Technical Blog Post
Abstract
DB2 Purescale : Severe messages logged in db2diag.log when CF cannot access a page in time through Write and Register command
Body
A couple of db2 purescale customers have recently observed that the db2diag.log in a purescale environment might have some SEVERE messages logged with no operational problems in database associated with it.

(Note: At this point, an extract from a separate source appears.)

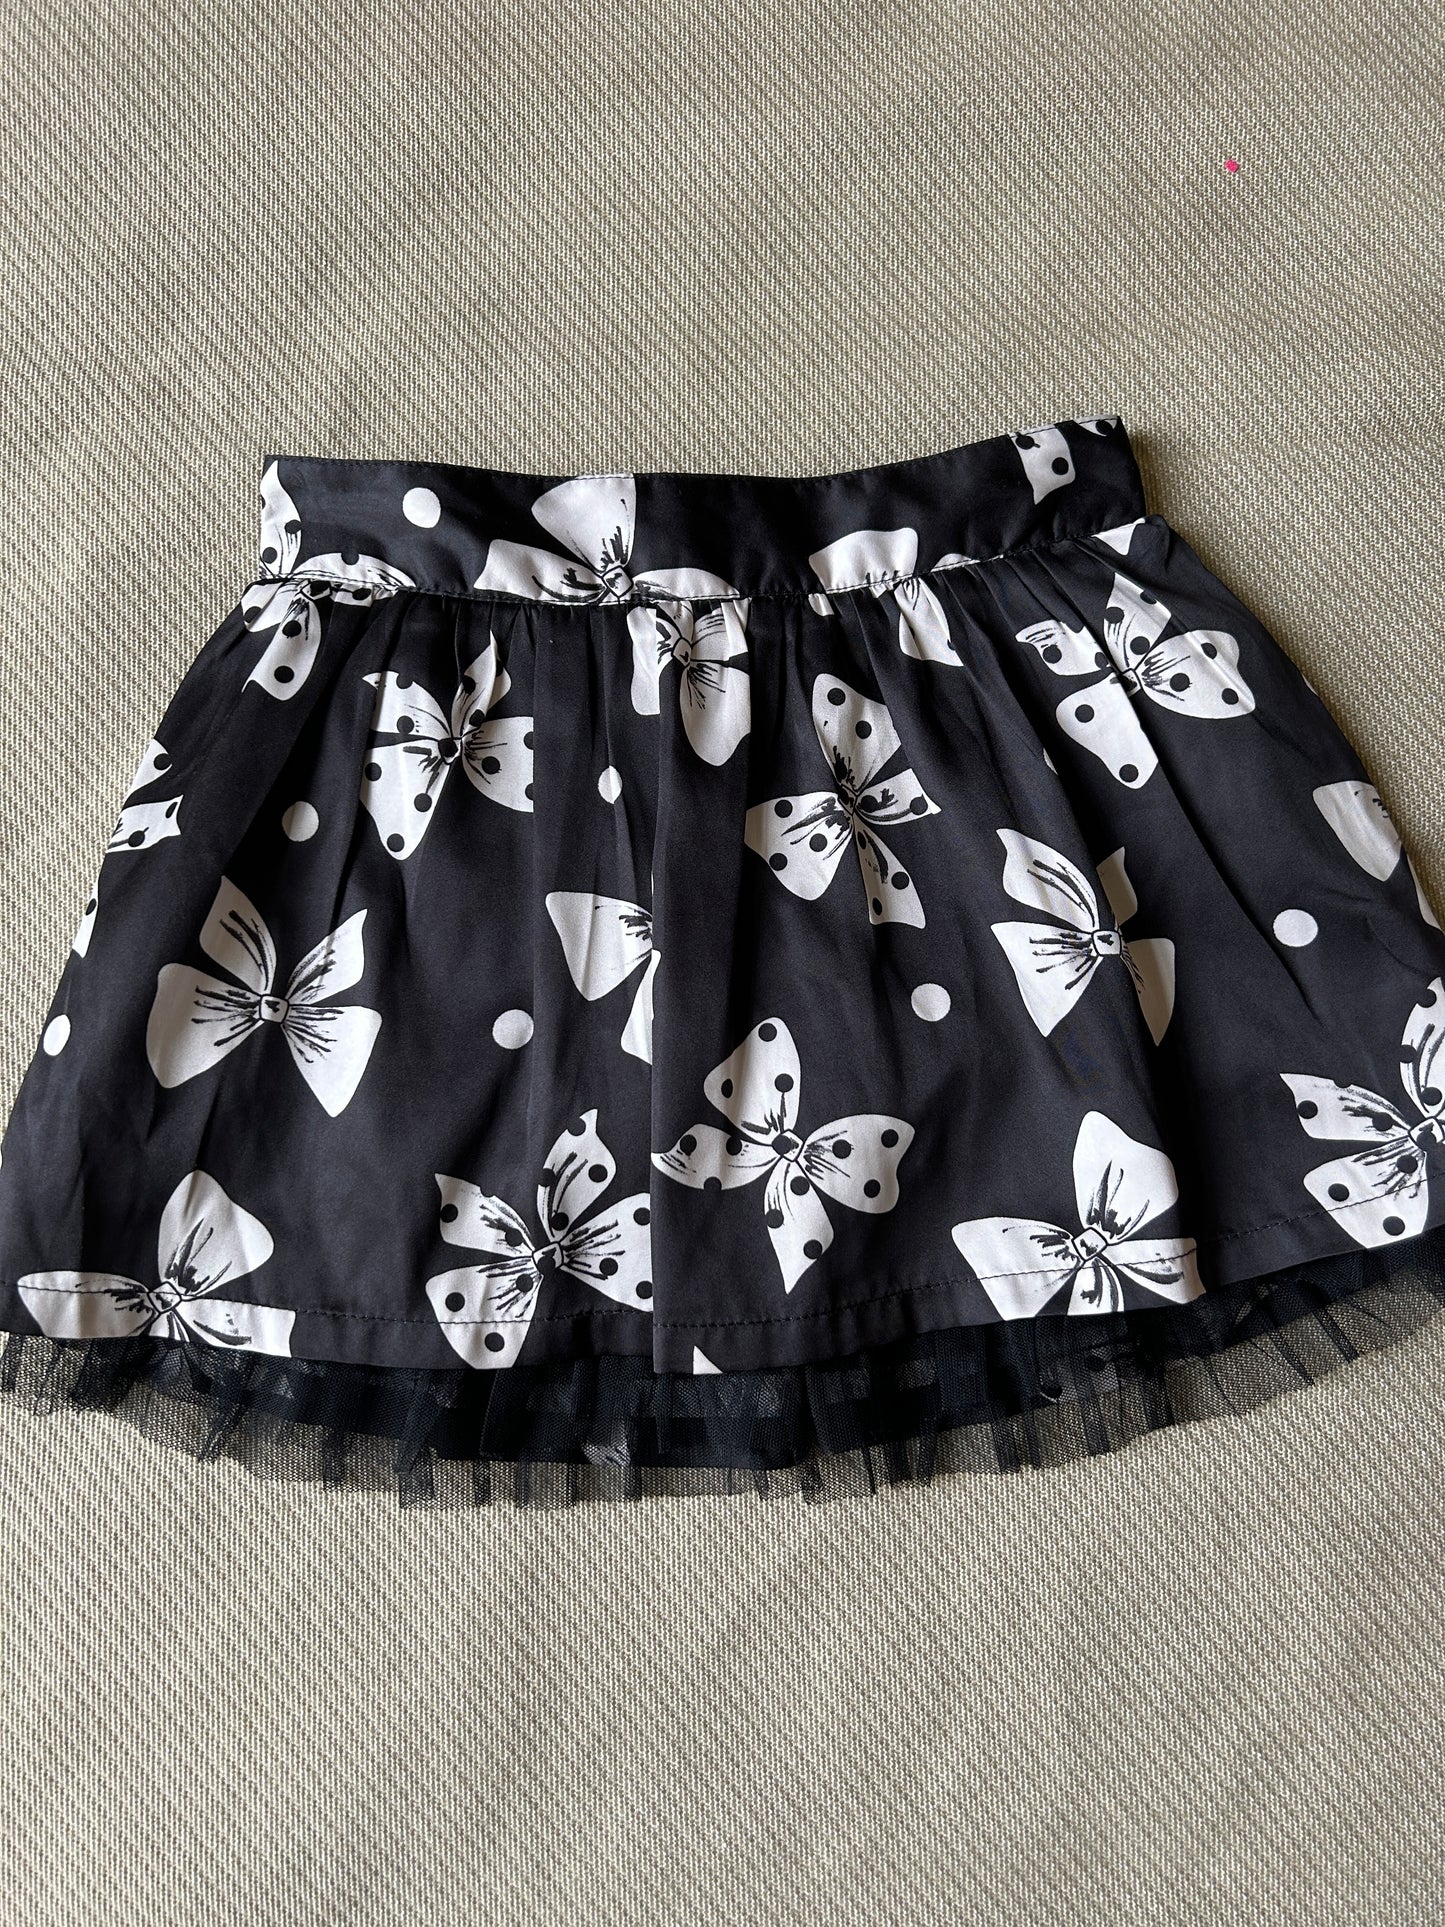 Sonoma/Girl's Silky Skirt/Black & Cream/Size 5

The severe messages logged in db2diag.log are as follows :
2017-07-10-11.40.16.000086+540 I202891A5897 LEVEL: Severe
PID : 23068794 TID : 433823 PROC : db2sysc 1
INSTANCE: db2inst1 NODE : 001 DB : inst1
APPHDL : 1-6610 APPID: *N1.db2inst1.170710024007
AUTHID : DB2inst1 HOSTNAME: MEMBER1
EDUID : 433823 EDUNAME: db2agent (inst1) 1
FUNCTION: DB2 UDB, Shared Data Structure Abstraction Layer for CF,
SAL_GBP_HANDLE::SAL_WriteAndRegister, probe:24519
MESSAGE : CA RC= 2148073503
DATA #1 : SAL CF Index, PD_TYPE_SAL_CF_INDEX, 8 bytes
1
DATA #2 : SAL CF Node Number, PD_TYPE_SAL_CF_NODE_NUM, 2 bytes
128
DATA #3 : Page Name, PD_TYPE_SD_PAGE_NAME, 16 bytes
{pgNum:poolId:objId:oType} = {81798:3:60:1} (decimal)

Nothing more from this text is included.